Они стремились двинуться центростремительно и отчасти центробежно по отношению к заваленным внутрь окнам коммуналки. Там на подоконнике вытянутыми иконками могут зиять три голодающих лика: семилетняя сестричка Галетка, трехлетний неуклюжец Шушуршик, двухлетний четырехцветный Бубурс. Последний, правда, недурственно промышлял мышнёй.
Эта публика, включающая и восьми-с-половиной-летнего Акси-Вакси, в связи с возможным полным отсутствием завтрака могла помещаться на расщепленном подоконнике, с которого виден был трамвайный тракт, по которому циркулировал на базар и обратно беглый народ наших захваченных врагом западных провинций.

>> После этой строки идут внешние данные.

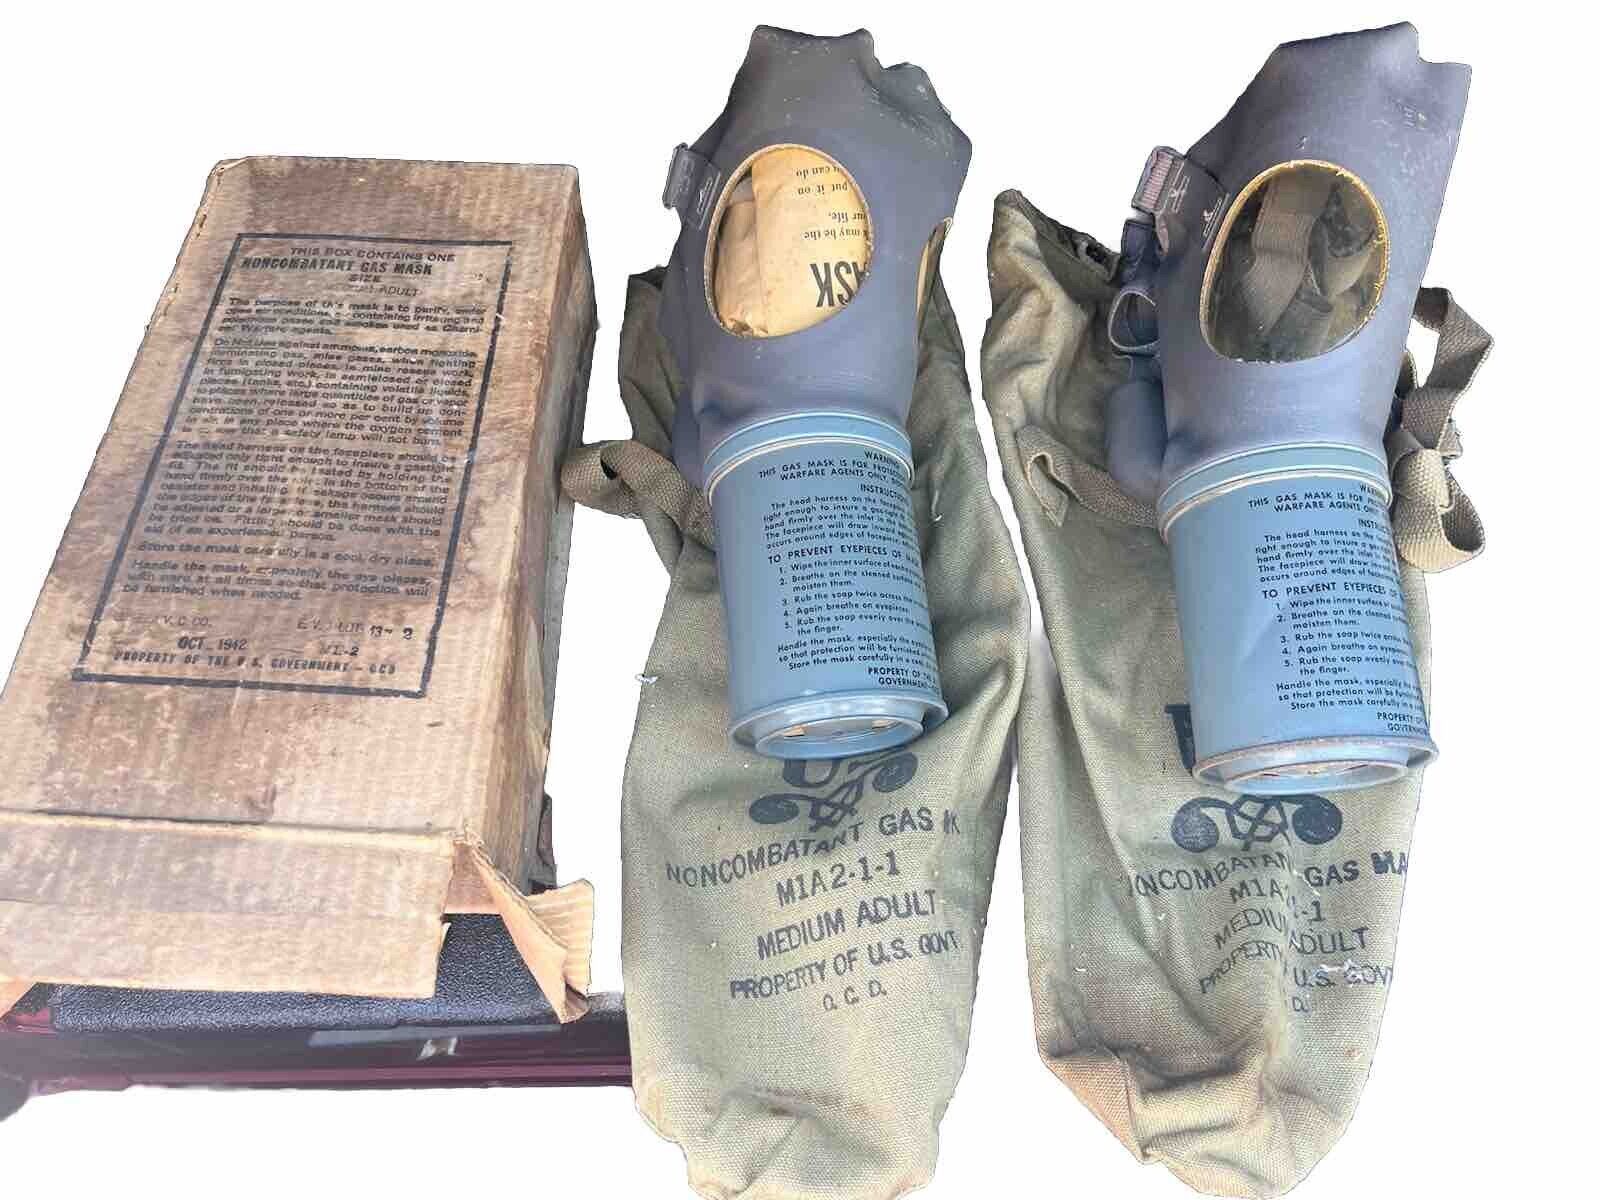 Vintage 1942 US Army Noncombatant Gas Mask MIA2-I-I Adult M Box Canister Set Lot

Сидя на окне, детский люд мог себе вообразить победоносное возвращение нашей главной кормилицы тетушки Ксении. Да, ей удалось освободиться, вообразим, от обуви, предположим, от почти новых галош с мягкой красной подкладкой, или от предметов домашней утвари, ну, скажем, от мясорубки, за которую могут отстегнуть солидную сумму. Допустим, что ей удалось 10 процентов комиссионных за продажу обратить в оптимистическую поклажу – в различные, вообразим, тючки, ну, скажем, с сахаром или с липкими подушечками, мешочки, хо-хо, с картофелем или с луком, в шматок сальца или в четвертинку подсолнечного масла… Хо-хо-хо, эдакий пир, как оживает наш очаг и как мы сидим вокруг стола и с любовью смотрим друг на друга перед тем, как начать тихую трапезу.